Лазар Карно 21 июня предложил в палате пэров чрезвычайные меры: провозгласить отечество в опасности и учредить на время диктатуру; в грозный для Франции час он с полным доверием протягивал руку Наполеону. То, что предлагал Карно, означало возврат к политике Комитета общественного спасения с Бонапартом вместо погибшего Робеспьера во главе.
Ни требования народа Парижа, ни предложения Карно не были поддержаны ни представителями законодательных учреждений, ни самим Наполеоном.
С расстояния полутораста лет, спокойно, трезво оценивая ситуацию, сложившуюся во Франции в июне 1815 года, можно ответить на вопрос, так волновавший участников тех бурных событий: возможно ли было после Ватерлоо продолжение борьбы против могущественной коалиции европейских держав, навязывавших Франции Бурбонов, ютившихся в их обозе?
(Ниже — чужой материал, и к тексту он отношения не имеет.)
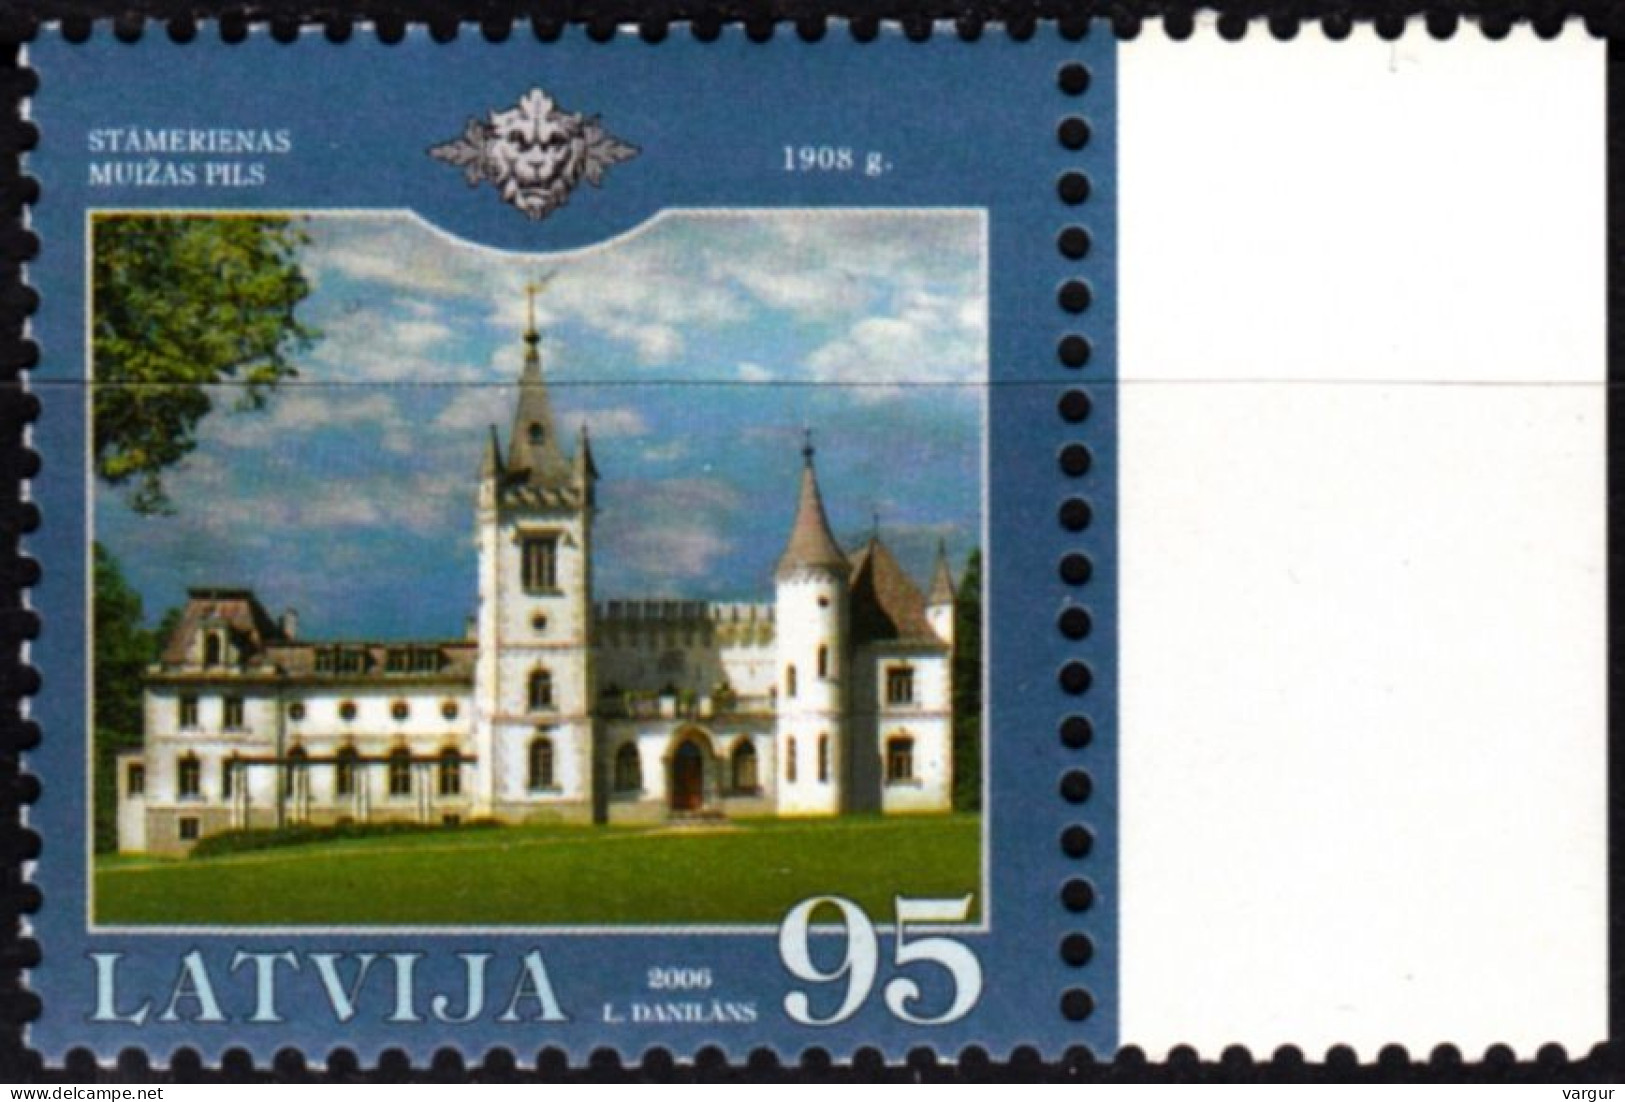 LATVIA 2006 Architecture: Palace Of Stamerienas, MNH. 45% Face Value - Castles
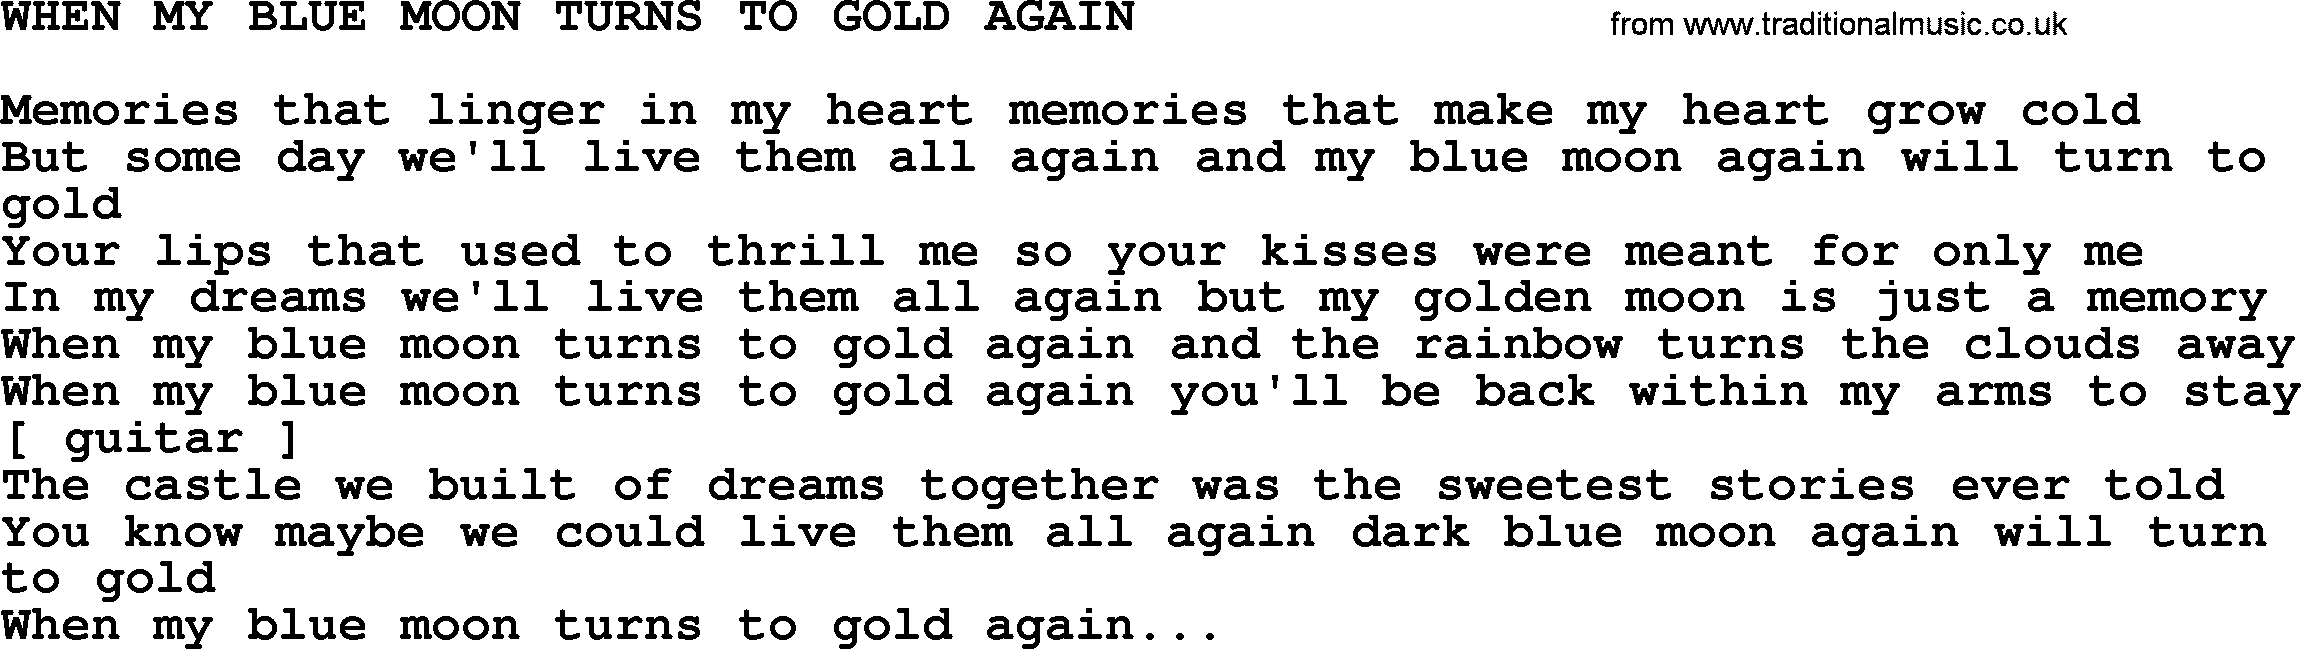 Merle Haggard song: When My Blue Moon Turns To Gold Again, lyrics.

Я видел поле Ватерлоо, бескрайний зеленый ковыль, колеблемый ветром, и высокий холм Сен-Жан, и каменную лестницу с бессчетными рядами ступенек, ведущих к вершине, и на гребне холма скульптурное изображение грозного британского льва — символ британской победы. Внизу, у подножия холма, в кафе «Ватерлоо», немногочисленные туристы пили: кто — джин, кто — прозрачное легкое бельгийское пиво; здесь бойко шла торговля сувенирами — перочинными ножами, пепельницами, чашками; на всех был изображен золотой свирепый британский лев, торжествующий победу. Англия выиграла последнее решающее сражение; британский лев сокрушил наполеоновского орла — в этом смысл символической скульптуры на вершине холма Сен-Жан.